From BioCycle
Journal of Composting &Organics Recycling
January 2002, Page 37

REDUCING FLAMMABLE BRUSH
OREGON COMPOSTING PROJECT SERVES MULTIPLE PURPOSES
Preventing wild fires and improving air quality were some of the motivating forces to get a collaborative program underway in the Deschutes National Forest.
Molly Farrell

ANEW composting operation for a resort community in Sunriver, Oregon is filling several needs: Helping prevent forest fires, improving air quality, reducing disposal costs for the resort’s biosolids and yard trimmings, and enhancing the area’s notoriously poor soil. A mix of year-round homes, summer second homes and vacation rentals, Sunriver is located right in the middle of the Deschutes National Forest, which poses a serious fire danger to its residents. The danger had been mitigated in the past by “ladder fuels reduction,” a forestry term meaning cutting away lower brush and branches that can carry fire up a tree, and thinning overcrowded trees and brush. The brush then was collected by Sunriver’s public works department and taken to a meadow and burned, but some residents complained about irritation from the resulting smoke.

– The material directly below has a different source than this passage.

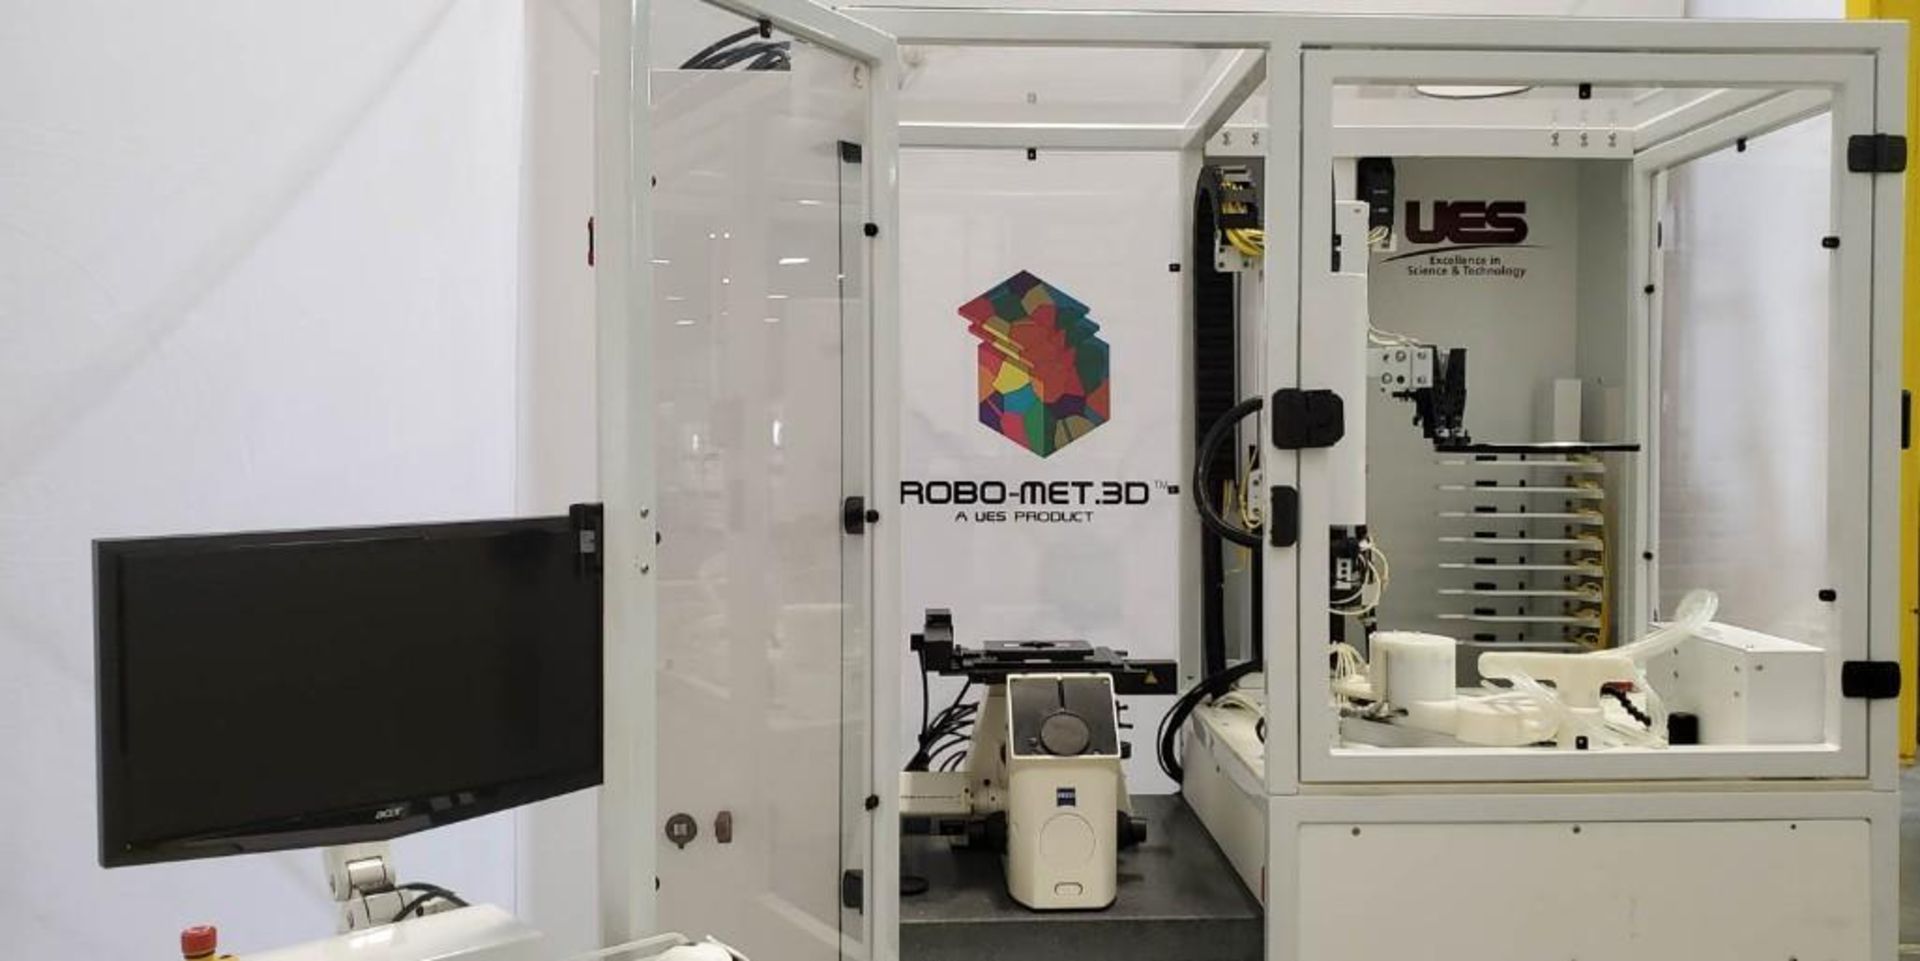 2013 UES Model Robomet 3D Automated Robotic Metallographic Preparation and 3D Photo System - Image 45 of 53

After major wildfires destroyed several million acres of land in the western states in 2000, Congress appropriated funds for fire prevention and burned area restoration through the National Fire Plan. “Oregon was not as badly hit by fires as other states but there were significant fires in Montana, California and New Mexico,” says Jeffrey Rola, operations coordinator for the Deschutes Soil and Water Conservation District. “This prompted emergency management and forestry officials to try and treat wild fires with prevention instead of attack.” Rola successfully applied for an $89,000 grant from the National Fire Plan to compost the brush created by ladder fuels reduction in Sunriver. “There haven’t been fires in the Sunriver area, but there have been some close calls,” Rola explains. “There have been fires in nearby Bend that have taken out homes.”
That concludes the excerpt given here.